DATA EXTRACT:
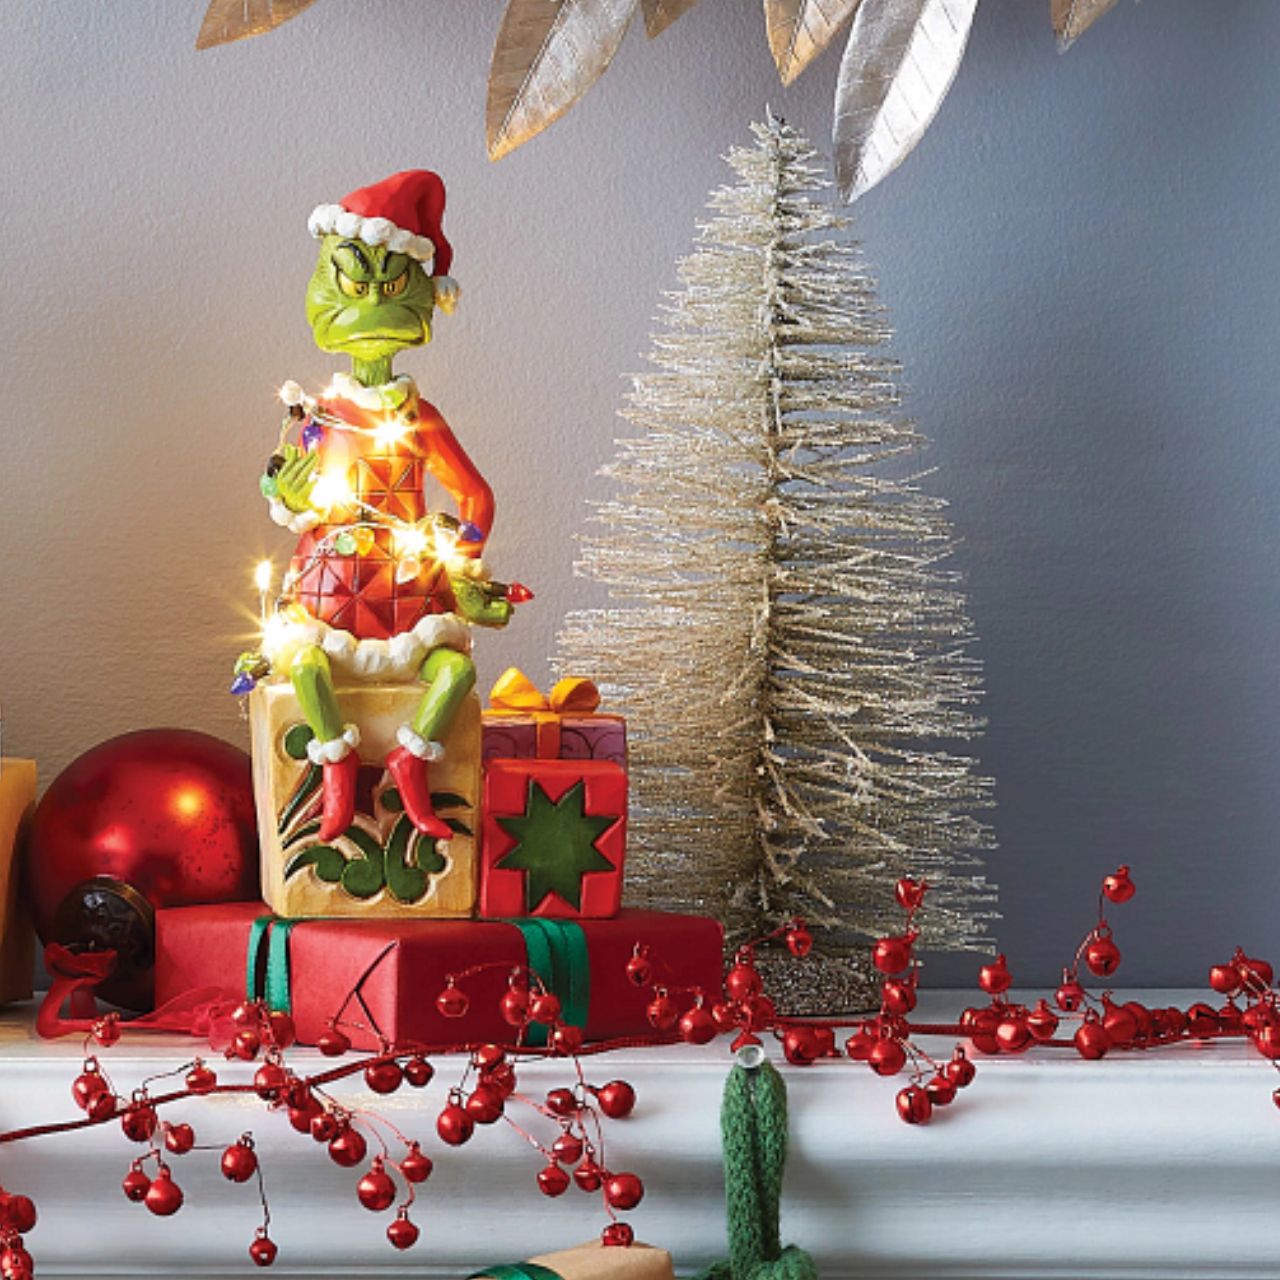 Grinch with lights Figurine - The Grinch  With a grimace on his green grouchy face, the Grinch, by Jim Shore, finds himself wrapped in a glowing string of lights as he tries to ruin the holiday.
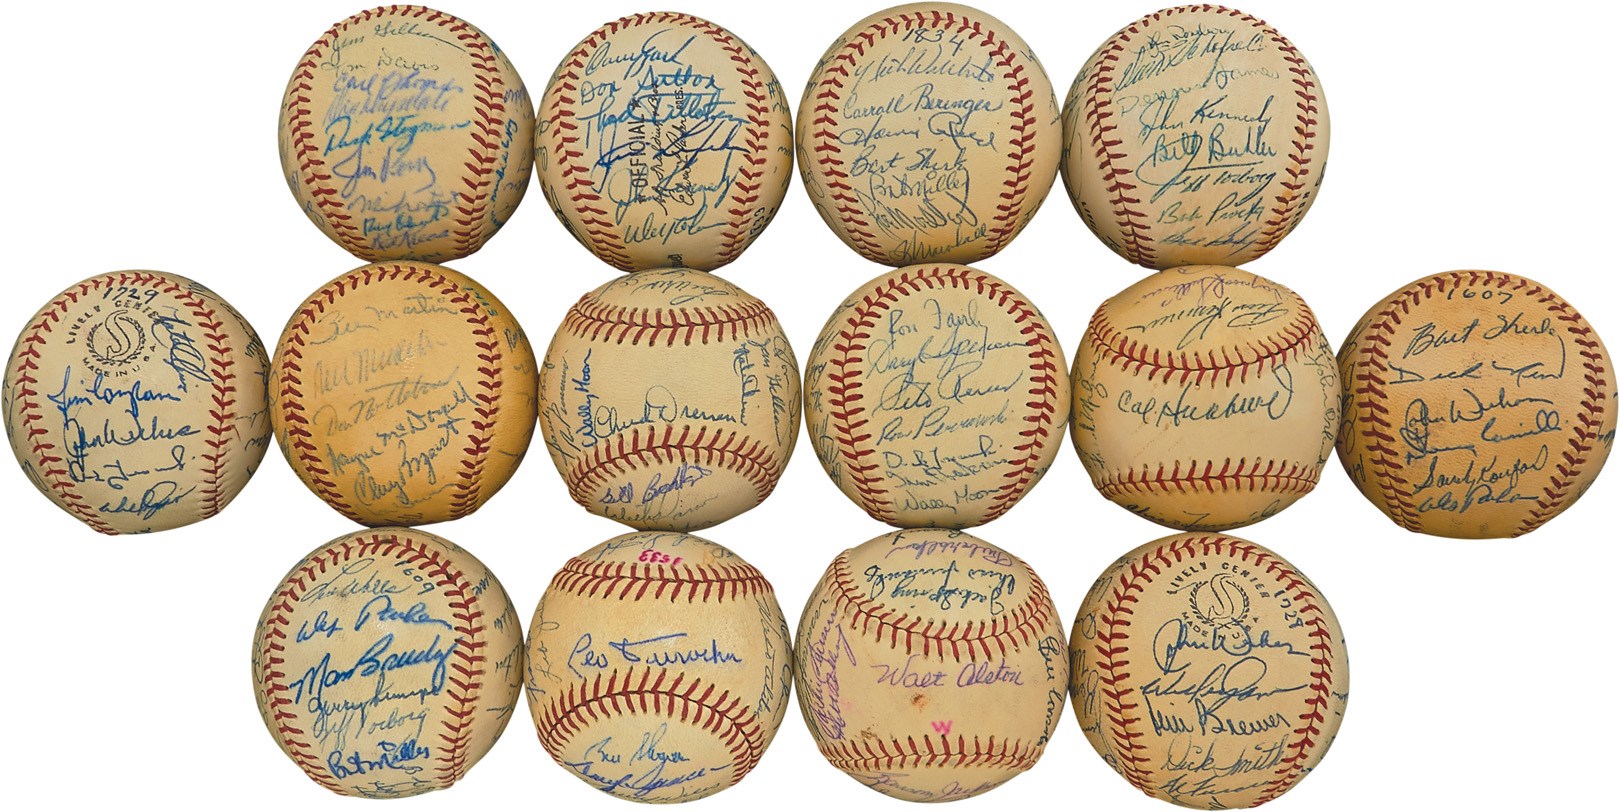 1957-67 Brooklyn/LA Dodgers Team-Signed Baseball Near Complete Run with Four (4) World Champions (14)
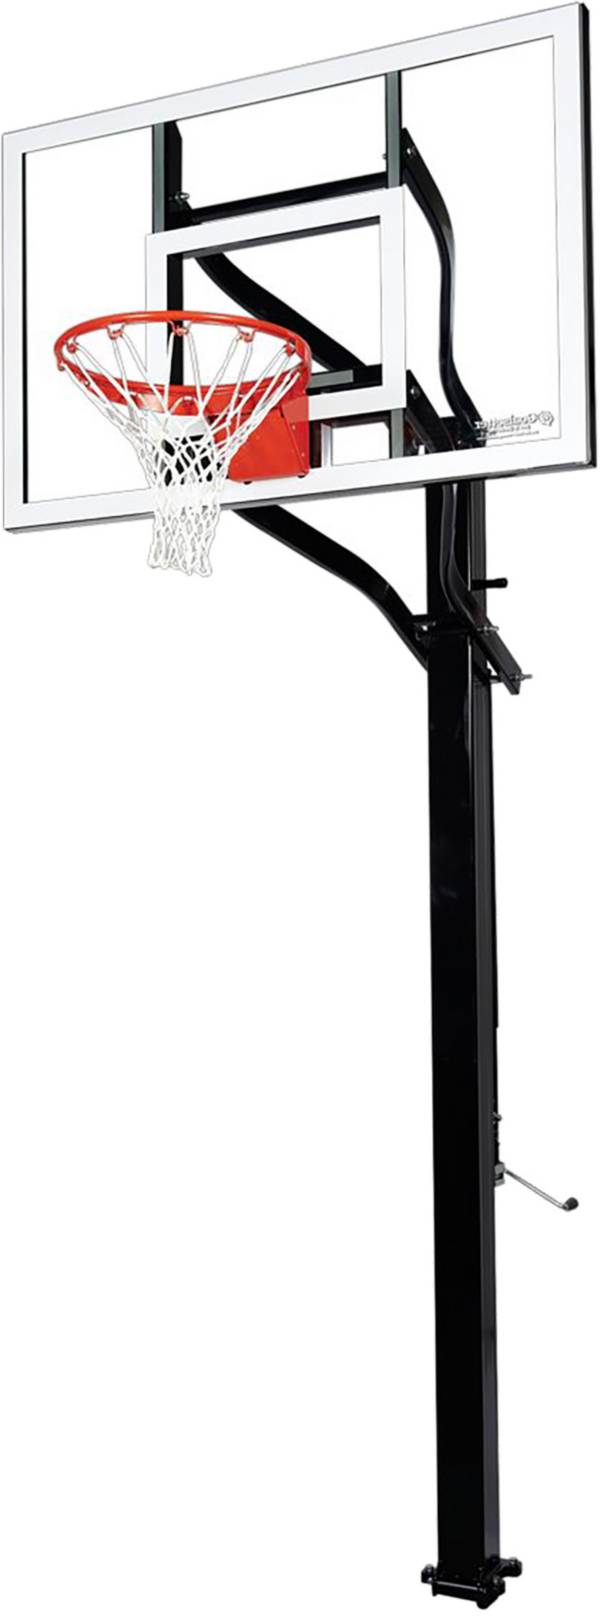 Goalsetter X672 72” Extreme Series Glass In-Ground Basketball Hoop product image
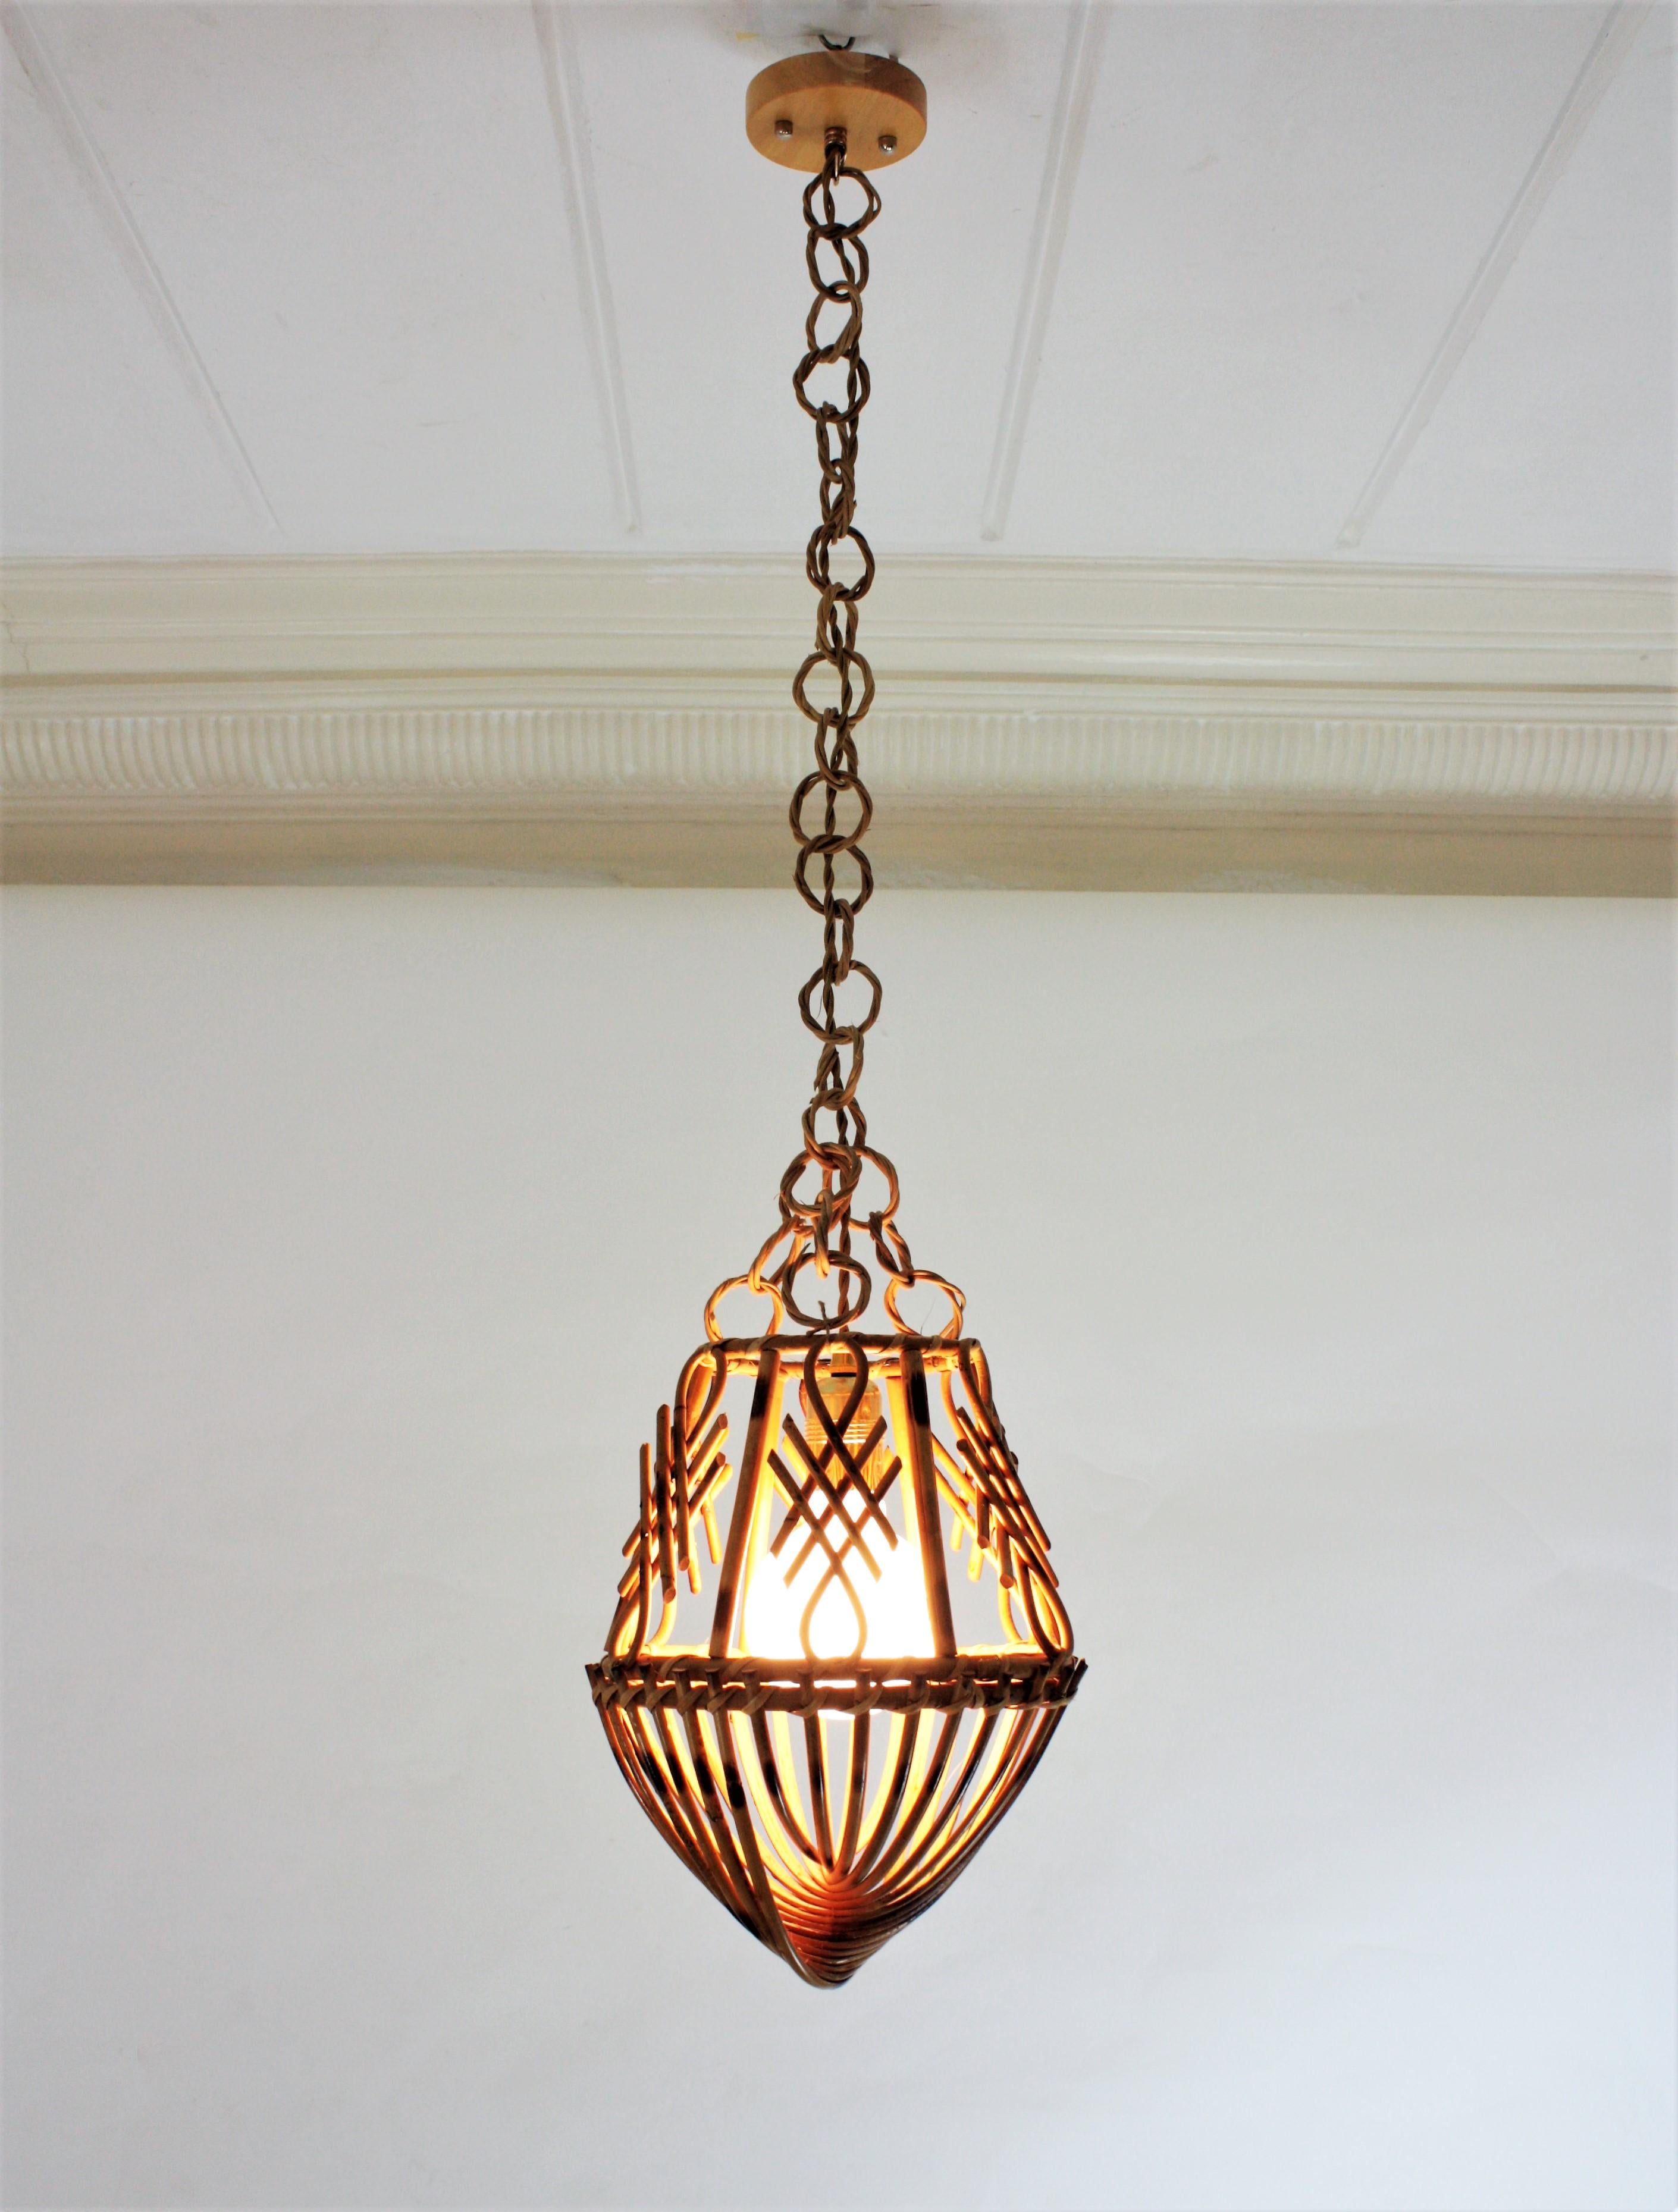 20th Century Rattan French Modernist Pendant Lamp or Lantern with Chinoiserie Accents

ACTIVITY: Pictures are not part of the copy. Please reproduce the material word for word.

ANSWER FOR THE TASK:
 Grinch with lights Figurine - The Grinch  With a grimace on his green grouchy face, the Grinch, by Jim Shore, finds himself wrapped in a glowing string of lights as he tries to ruin the holiday.
 1957-67 Brooklyn/LA Dodgers Team-Signed Baseball Near Complete Run with Four (4) World Champions (14)
 Goalsetter X672 72” Extreme Series Glass In-Ground Basketball Hoop product image
 20th Century Rattan French Modernist Pendant Lamp or Lantern with Chinoiserie Accents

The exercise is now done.